* What is being asked *
Below are the records; repeat exactly their lines between the line holding "diced celery, onion, and" and the line holding "Setting the Stage", inclusive, skipping the pictures.
Top of Given records
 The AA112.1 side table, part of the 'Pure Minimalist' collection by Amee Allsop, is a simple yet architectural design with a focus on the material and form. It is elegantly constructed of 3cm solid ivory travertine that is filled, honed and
Bottom of Given records
Top of Given records
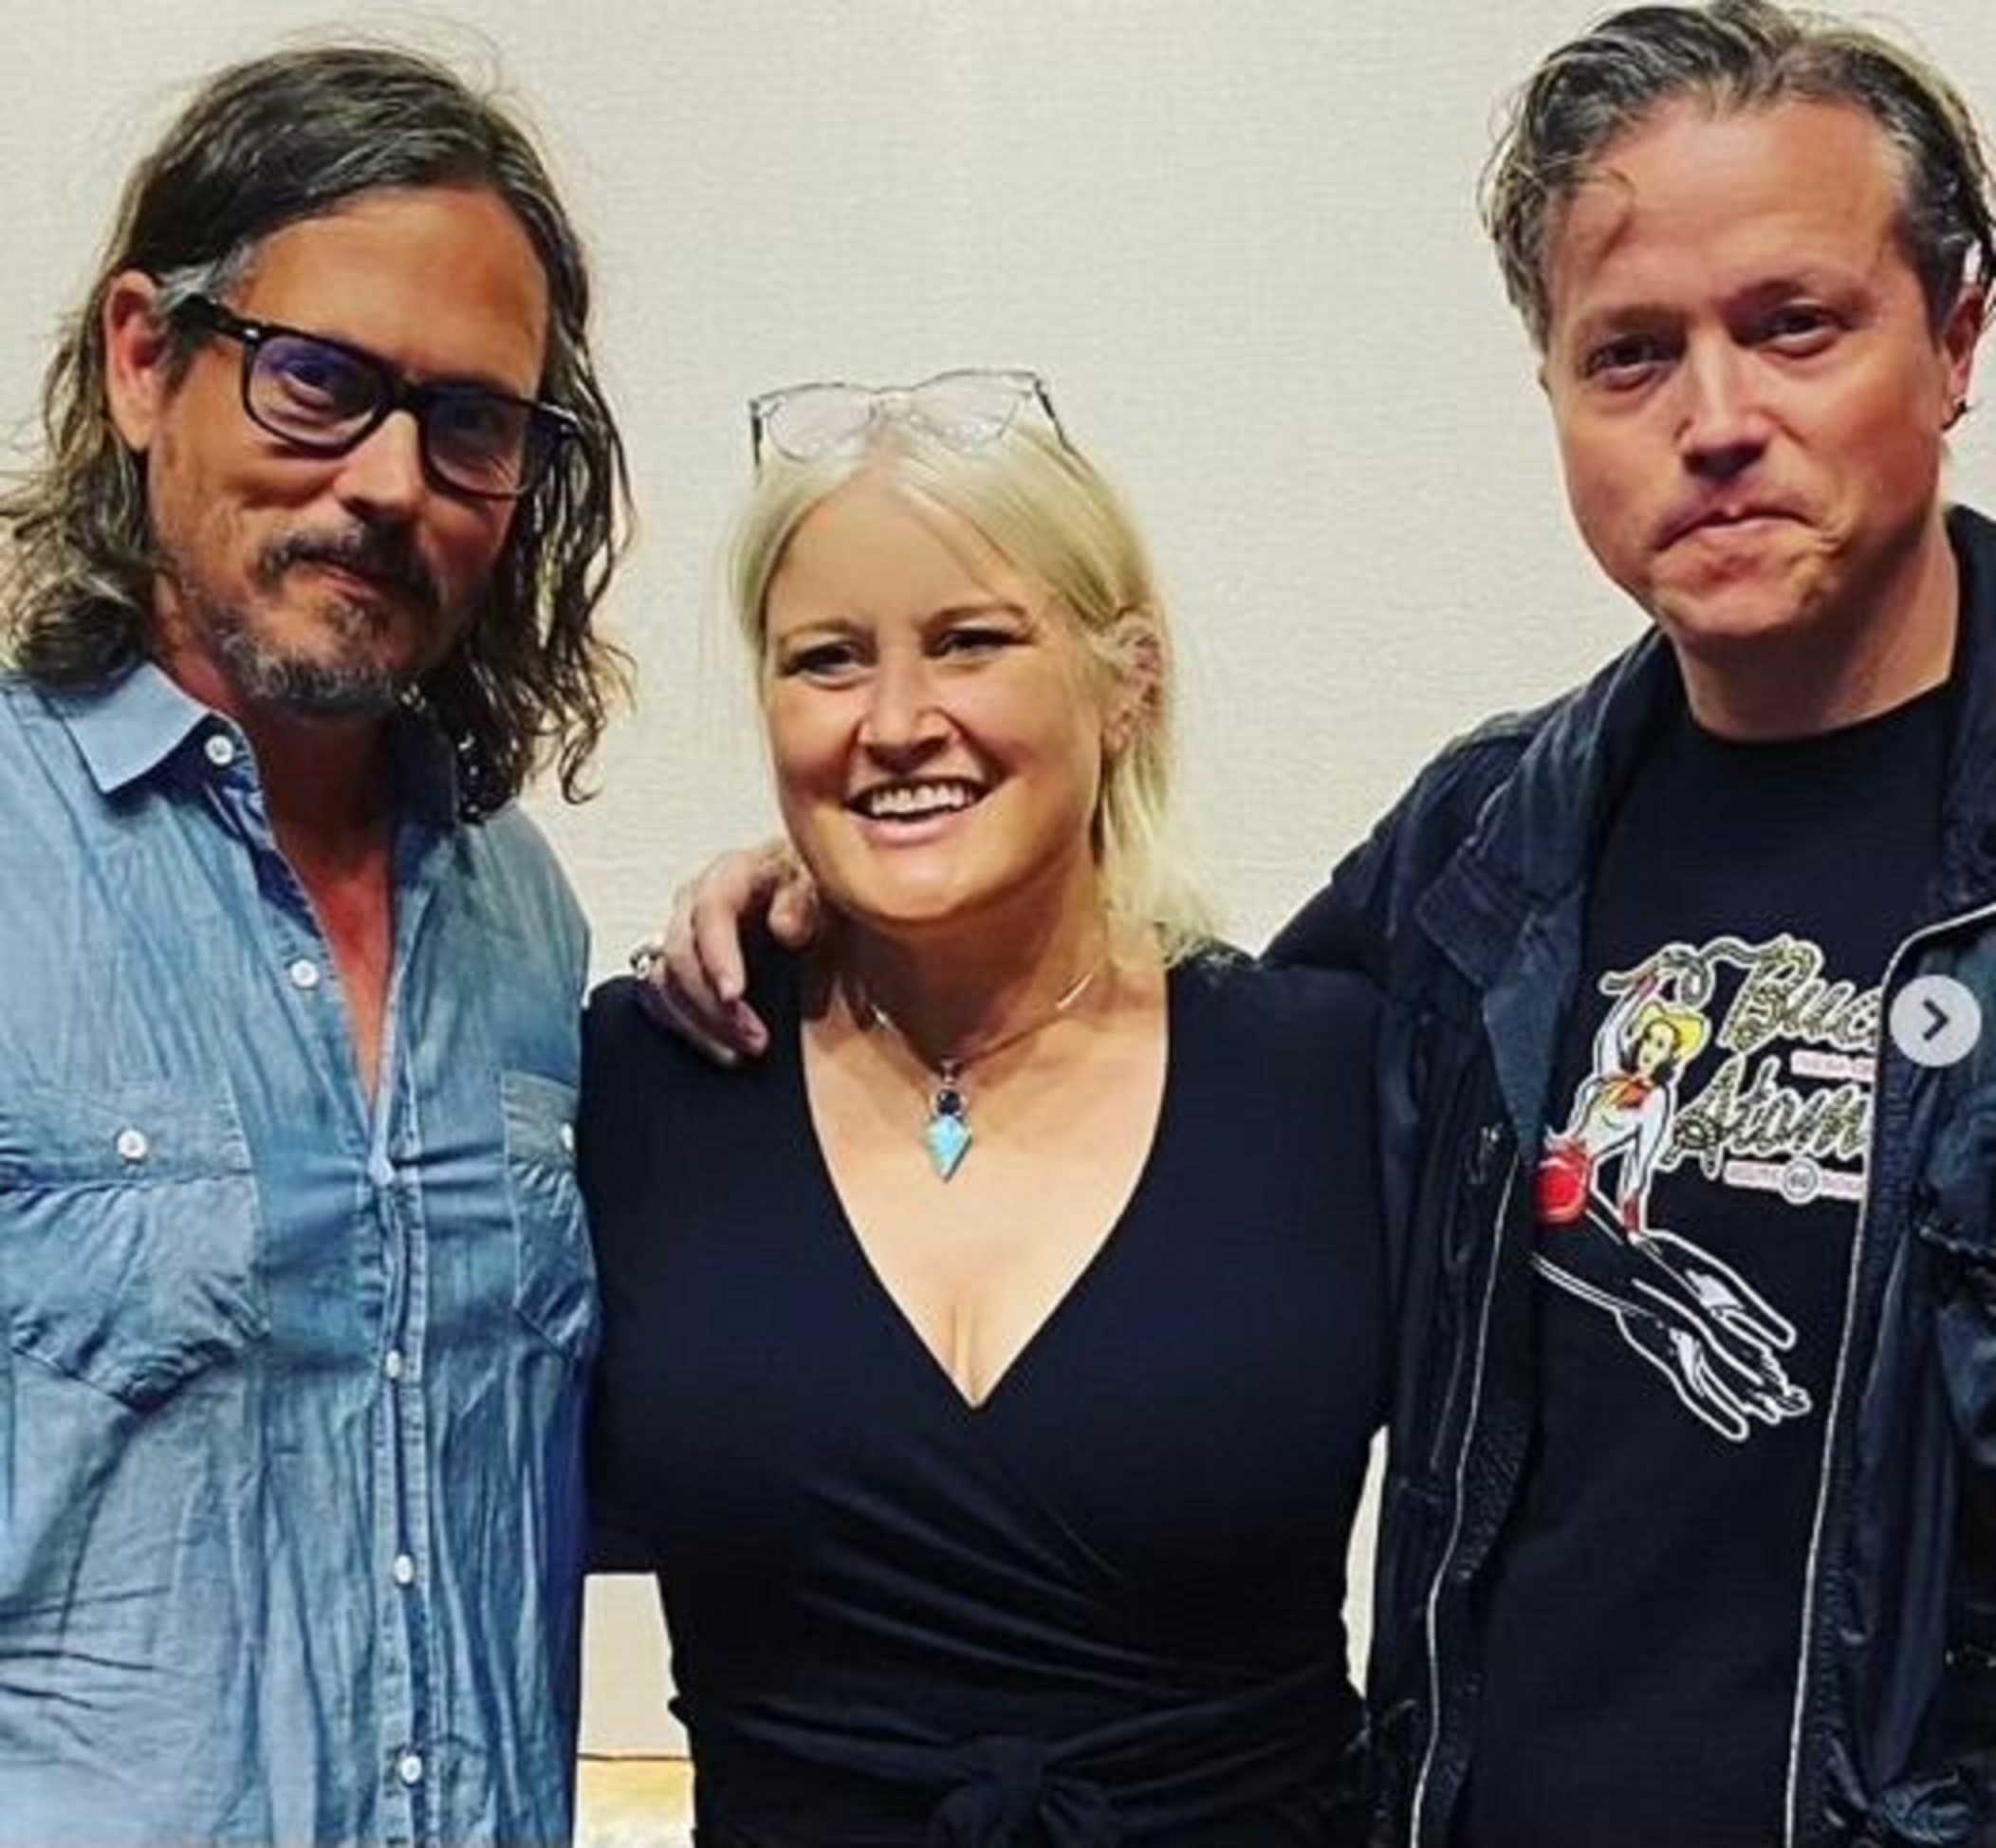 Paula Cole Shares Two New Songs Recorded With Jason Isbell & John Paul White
Bottom of Given records
Top of Given records
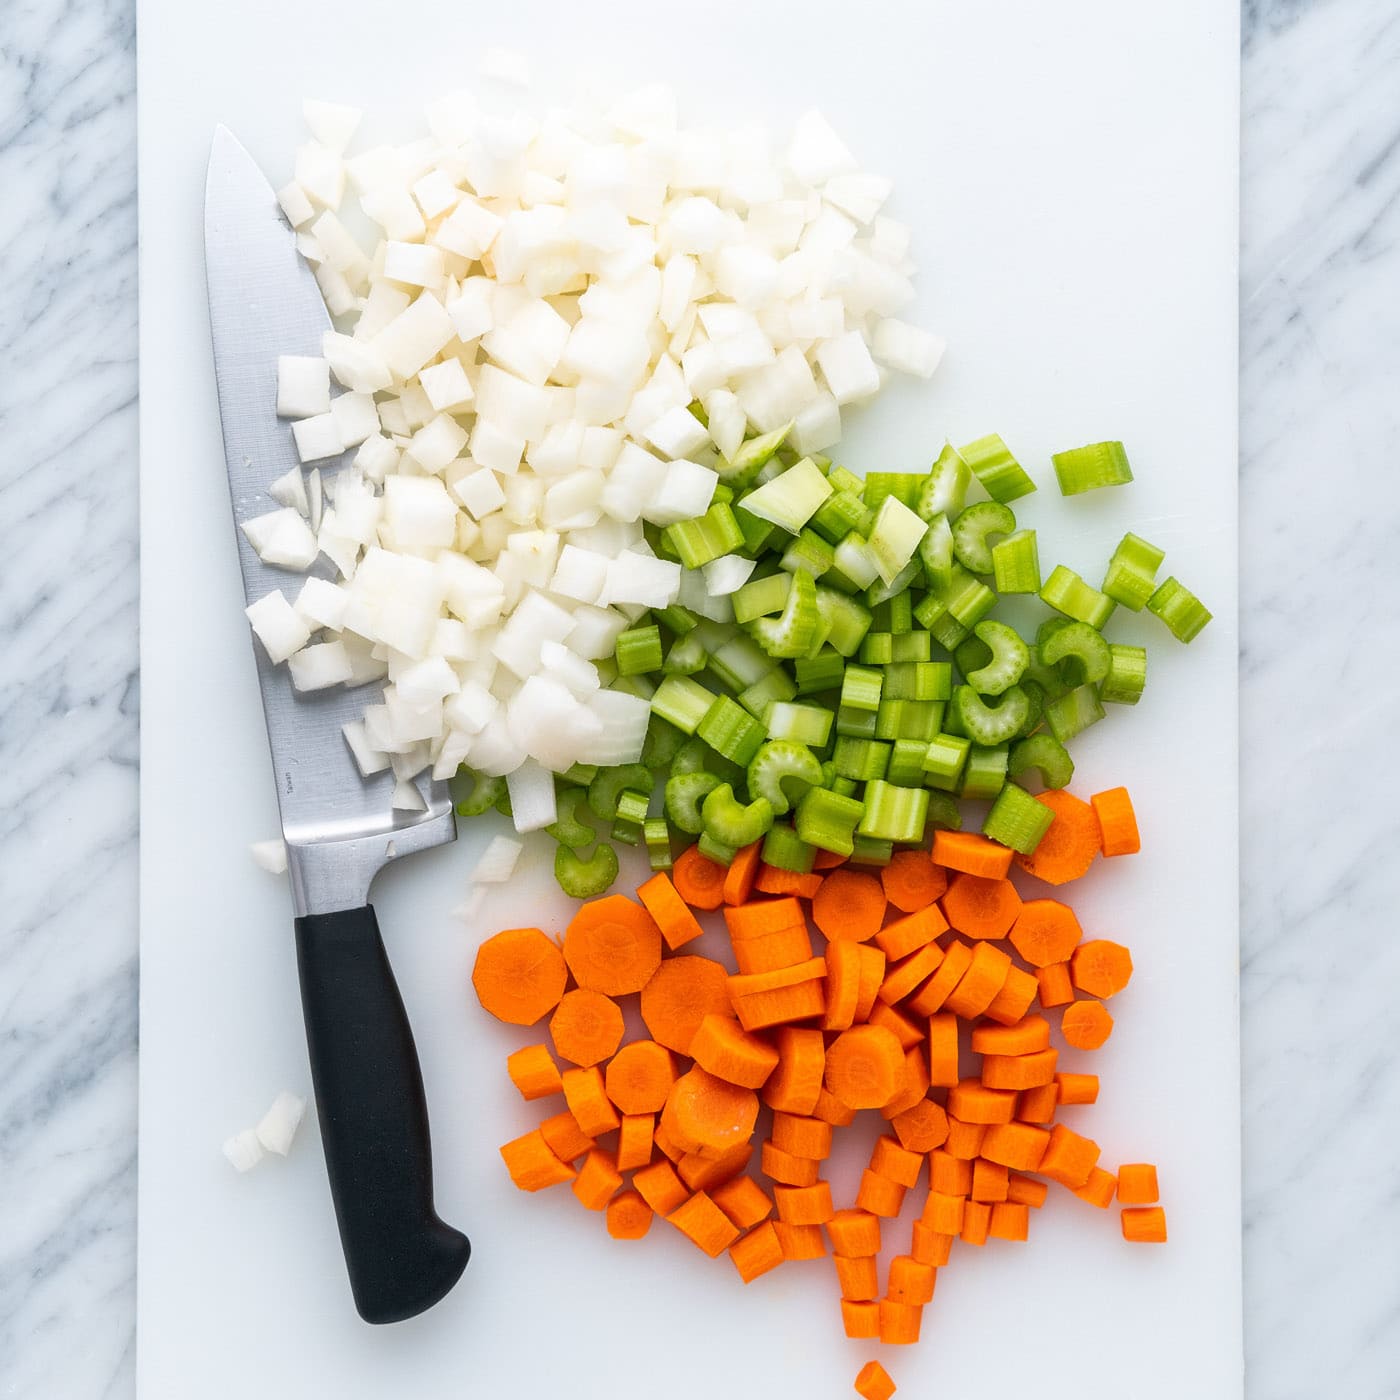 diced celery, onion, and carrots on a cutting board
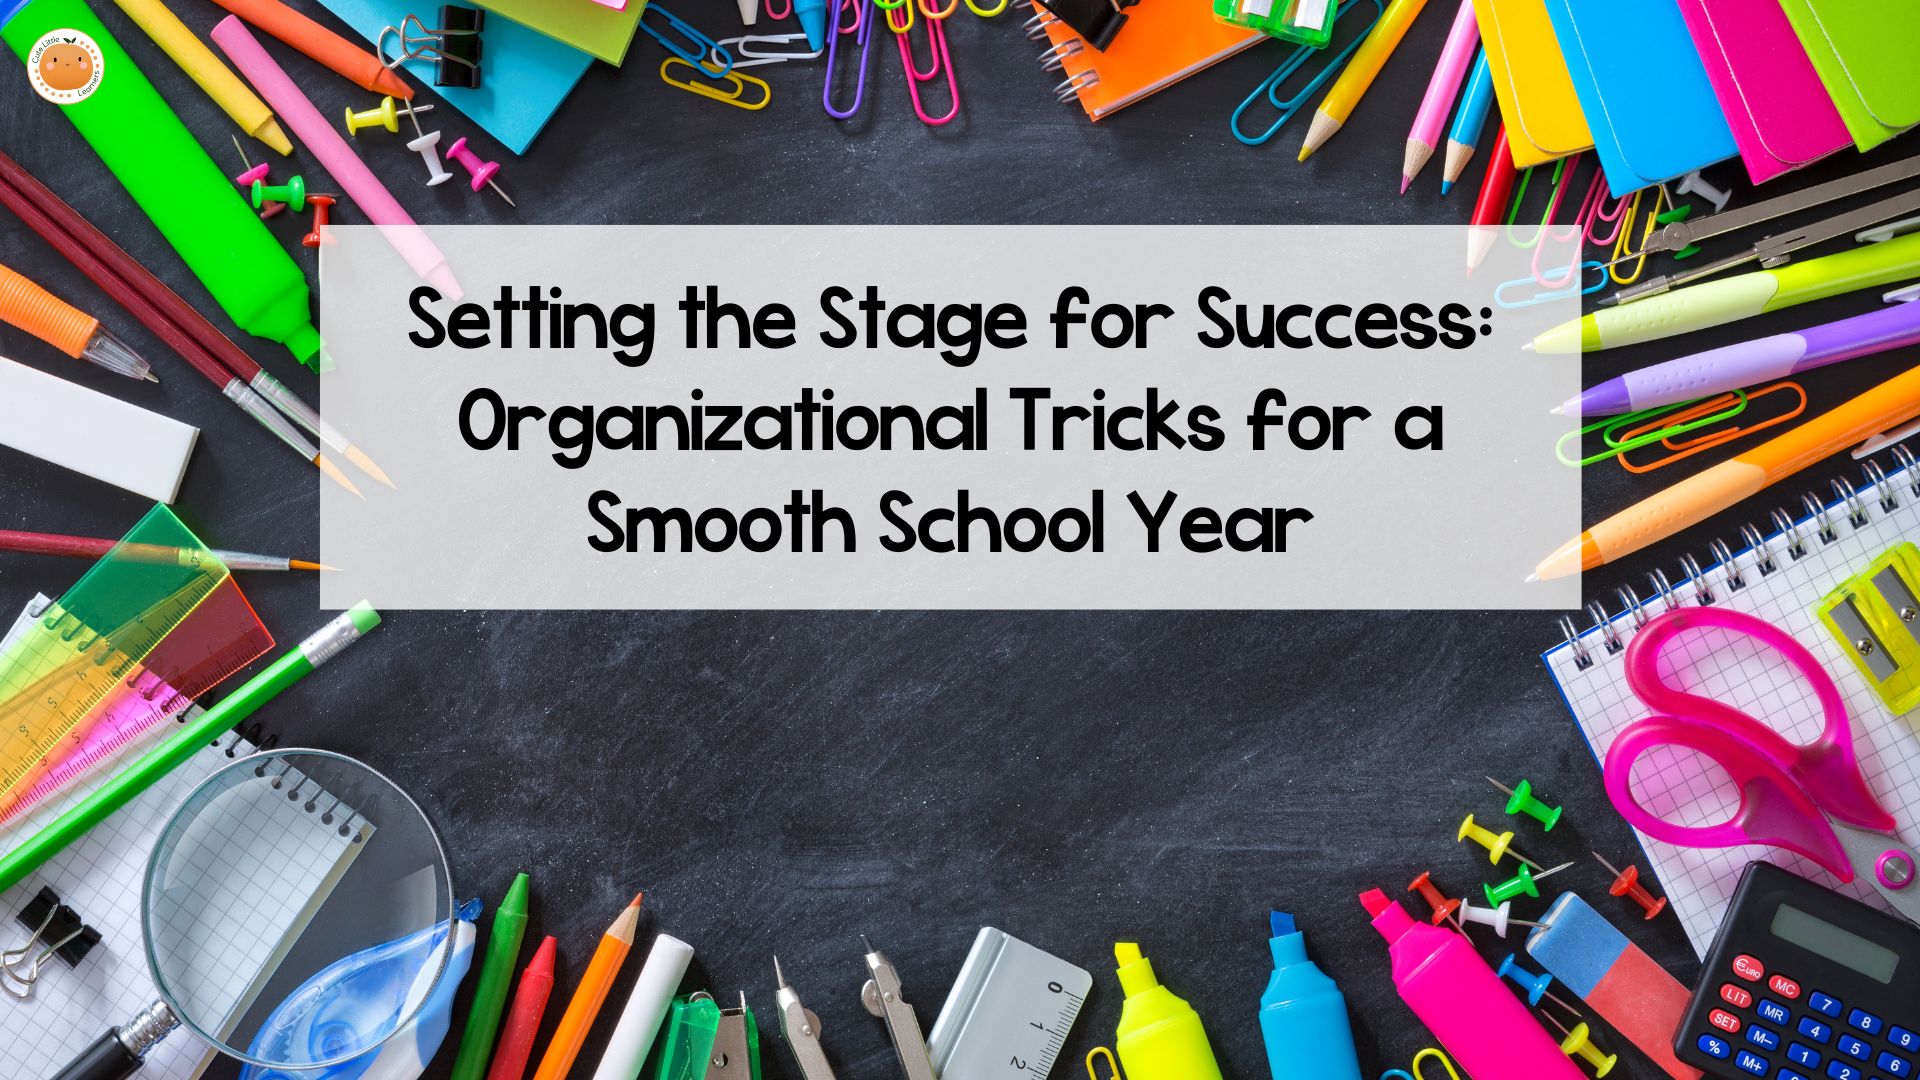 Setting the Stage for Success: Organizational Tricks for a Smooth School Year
Bottom of Given records
* Response box *
 diced celery, onion, and carrots on a cutting board
 Setting the Stage for Success: Organizational Tricks for a Smooth School Year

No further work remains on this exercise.